A criança com depressão

O existir natural da criança é ser alegre, aventureira, exploradora da natureza, do mundo, dos objetos, do corpo. A criança é um ser movido pela curiosidade, pelo prazer e excitação. Quando não brinca, não sorri, não tem ânimo, não demonstra excitação, não deseja ter amigos é sinal de que está vivendo algo além de uma simples tristeza. A criança pode estar denunciando algo mais profundo e complexo, revelador de um quadro formado por sintomas de natureza física, cognitiva, emocional e comportamental, que vêm afetando o seu mundo psicológico e prejudicando sua vida social. É natural a criança sofrer com a perda de seu bichinho de estimação, de seu brinquedo favorito, com a viagem ou mudança do melhor amigo, com a transferência de escola, com a morte de pessoas significativas. No entanto, quando a criança mantém a tristeza como um estado afetivo-emocional constante e mostra uma instabilidade de humor com reações agudas de irritabilidade, que guiam o seu modo de estar-no-mundo, podemos pensar que o ajustamento criativo inicial para lidar com as situações dolorosas passou a ser disfuncional e há necessidades afetivas primordiais que não estão sendo satisfeitas dentro do campo familiar, o que pode estar retirando sua energia vital, esvaziando o seu eu e sofrendo assim uma depressão.

A reação de depressão invade o ser humano desde os anos iniciais de sua existência, quando experiencia separações, rupturas, perdas afetivas precoces e principalmente quando não se percebe fonte de investimento amoroso na relação maternal primária. Ajuriaguerra e Marcelli (1986) discorrem sobre as manifestações depressivas da criança pequena (3 anos a 5-6 anos), da criança maior (5-6anos a 12-13 anos) e do adolescente, relacionando o surgimento da depressão à separação (dos pais, doença, breve hospitalização), a uma perda amorosa ou a remanejamentos psicoafetivos próprios da idade.

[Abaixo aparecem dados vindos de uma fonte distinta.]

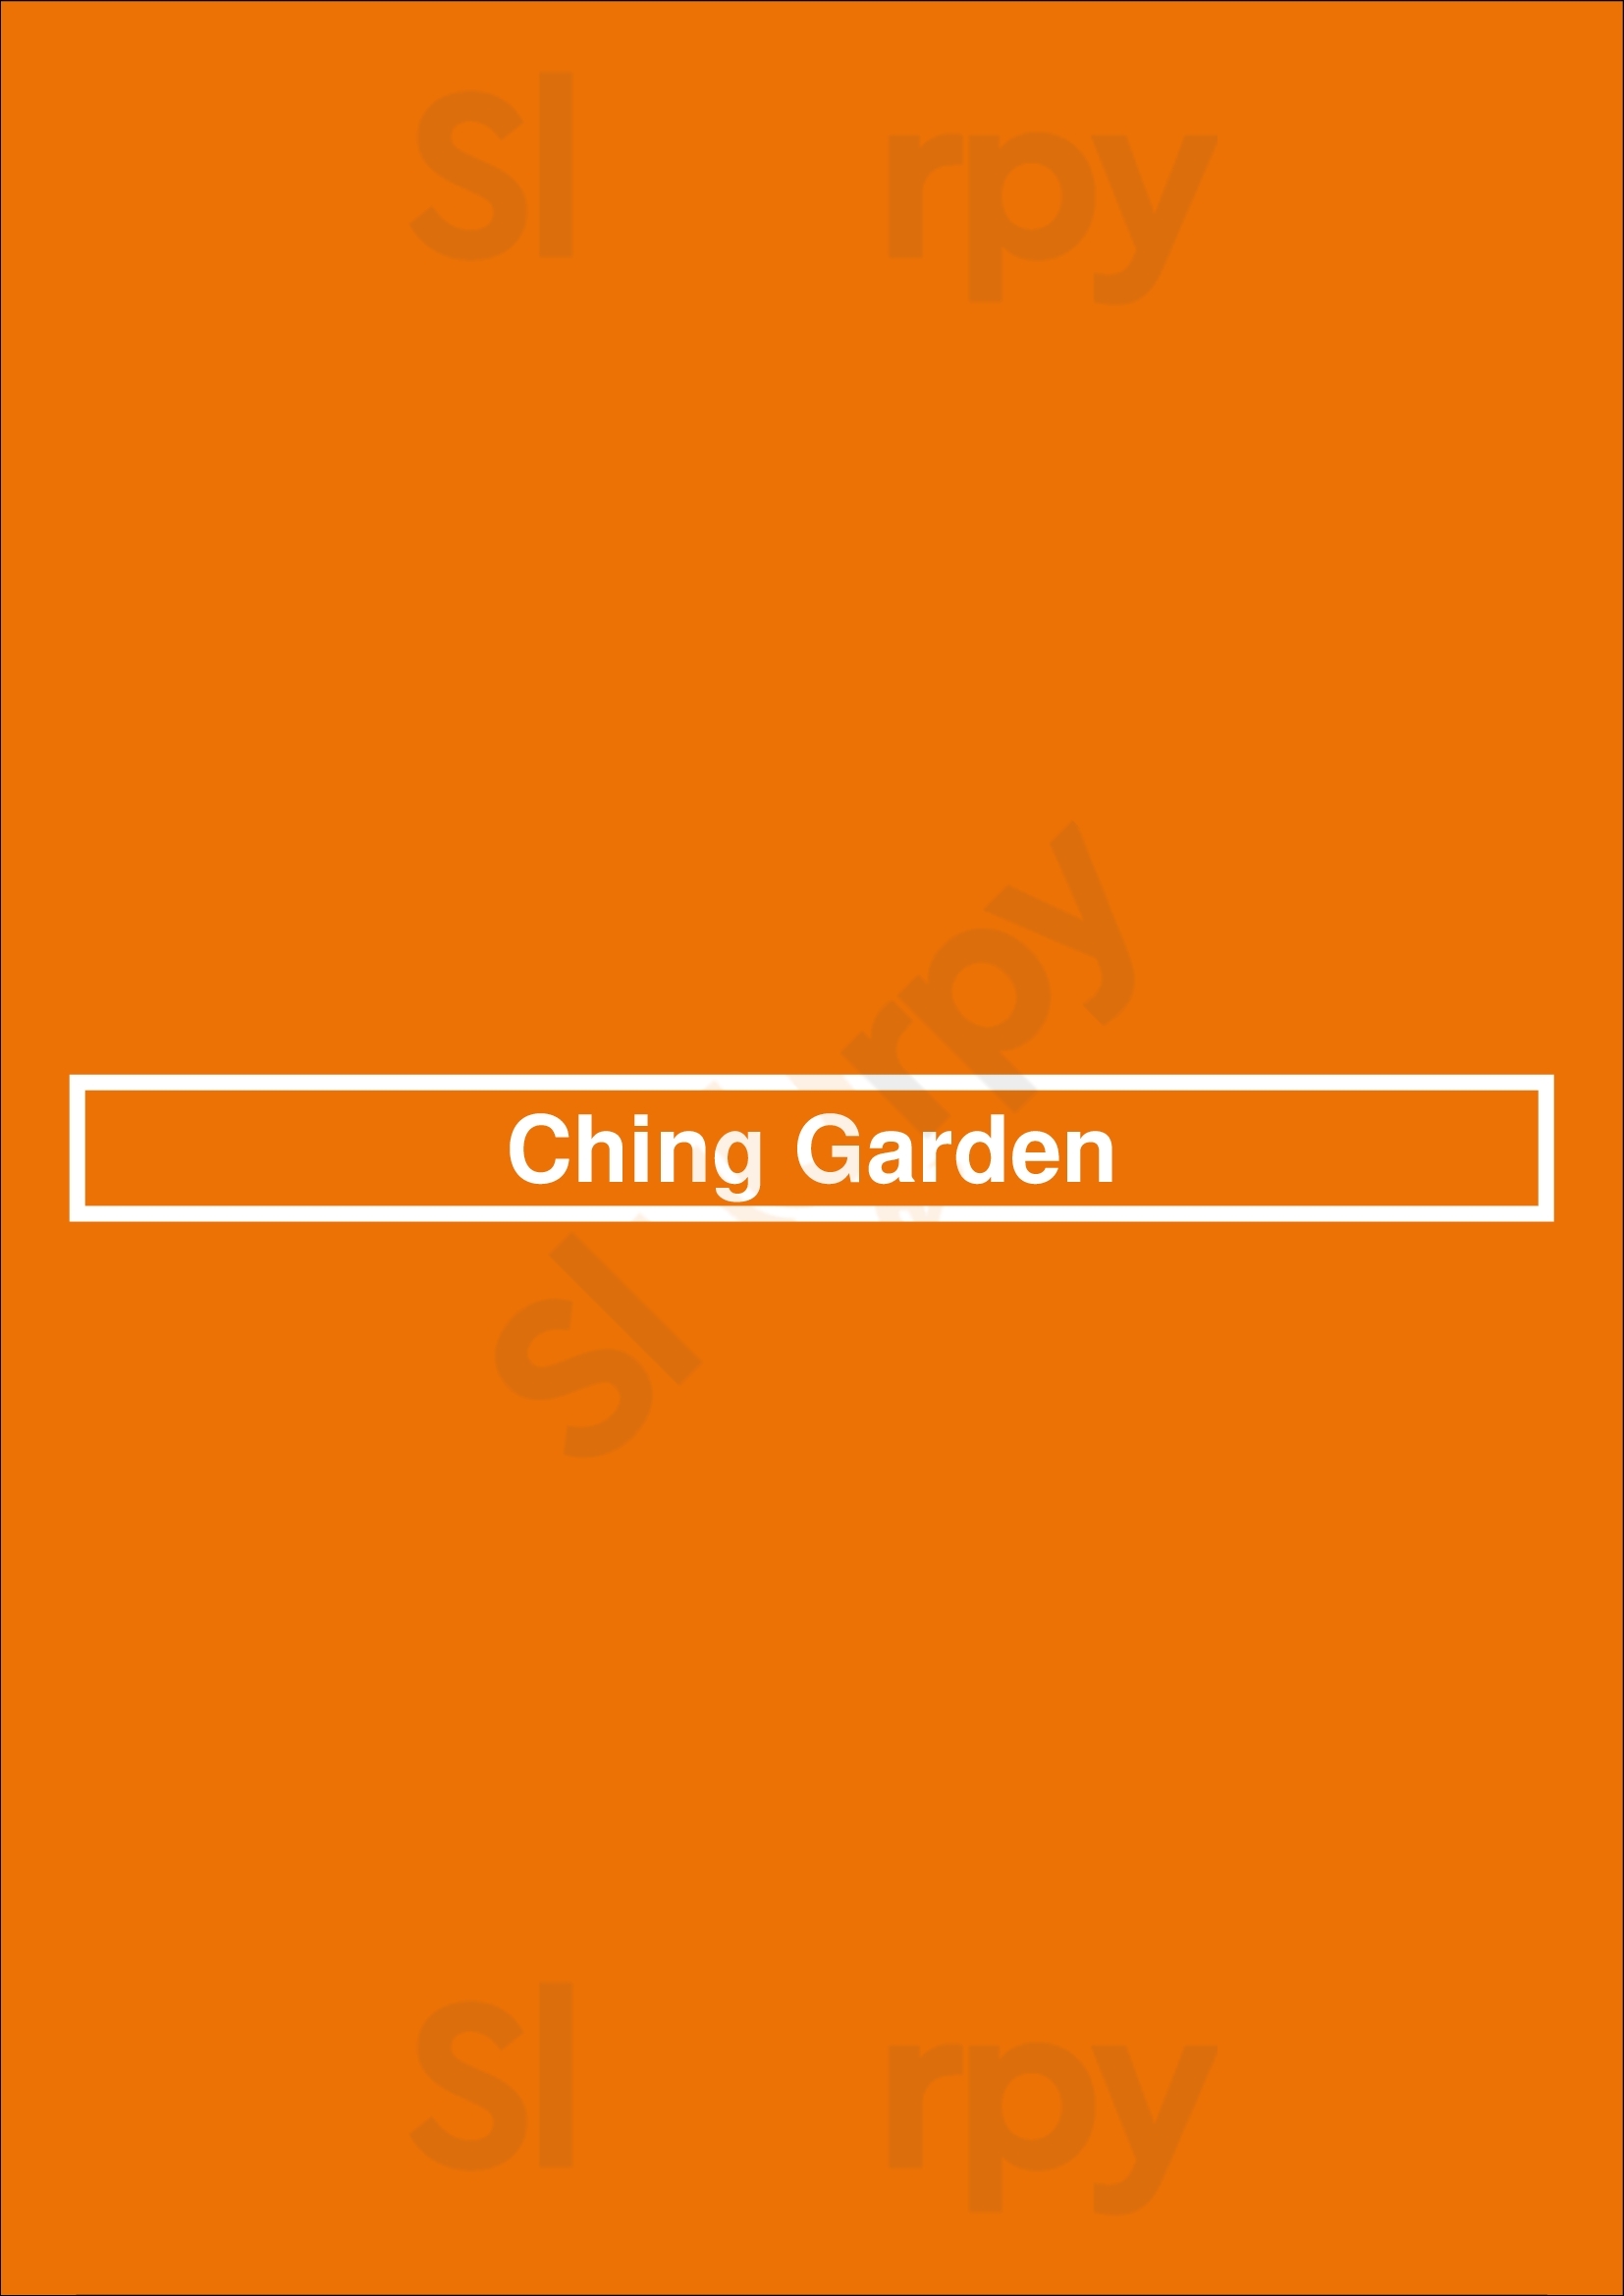 Ching Garden Greenwood Menu - 1

A depressão é o transtorno de humor que se caracteriza basicamente por tristeza, desânimo, apatia e falta de prazer para realizar qualquer atividade habitual da vida (brincar, estudar, passear). Os comportamentos problemáticos e os sinais clínicos que acompanham o sofrimento depressivo da criança, são: baixo desempenho escolar, retraimento social, pobre expressão afetivo-emocional, choro fácil, irritabilidade, baixa auto estima acompanhada de pensamentos negativos sobre si, sentimento culposo, intolerância a perdas e frustrações, alto nível de exigência consigo. A alteração do humor geralmente é acompanhada de certas queixas físicas como cefaléia, tonturas, dores abdominais, sensação de fadiga, enurese noturna, perturbação do sono e do. Como consequência, a criança apresenta inibição motora ou retardo psicomotor, pensamento lentificado, perda da concentração/déficit de atenção, possíveis falhas na memória, configurando prejuízos no funcionamento motor, emocional e cognitivo.

A relação materna

A depressão reativa, então, emerge como um ajustamento defensivo às situações de perdas afetivas significativas ou de adaptação às adversidades circunstanciais existenciais. Irei, no entanto, tratar daquela que aparece como uma patologia que toca as raízes da relação primitiva mãe-bebê e que leva o indivíduo a enveredar em uma eterna busca por alguém que venha a preencher sua sensação de vazio profundo. Falo da mãe que desde o início da gravidez não desejou o bebê (seja por fatores subjetivos próprios, seja por interferências ambientais) e assim resistiu oferecer seu corpo-eu acolhedor de forma calorosa para estabelecer um diálogo tônico nutritivo com o corpo do bebê e transmitir-lhe a pulsão de vida. A criança cresce sem capturar no olhar da mãe o brilho do desejo e da alegria por sua existência, sem escutar: “Que lindo! Você conseguiu! Como você é forte! Como você é bonita!”. Não mostra entusiasmo, nem vibração com as conquistas, os ganhos, os desafios vencidos pelo seu filho. Essa criança não recebe os benefícios da função materna cuidadora que prioriza as suas necessidades e desejos infantis. Vivencia uma relação negligente, de ausência de amor, onde há uma falta de investimento em seu potencial criador e na confirmação do seu eu.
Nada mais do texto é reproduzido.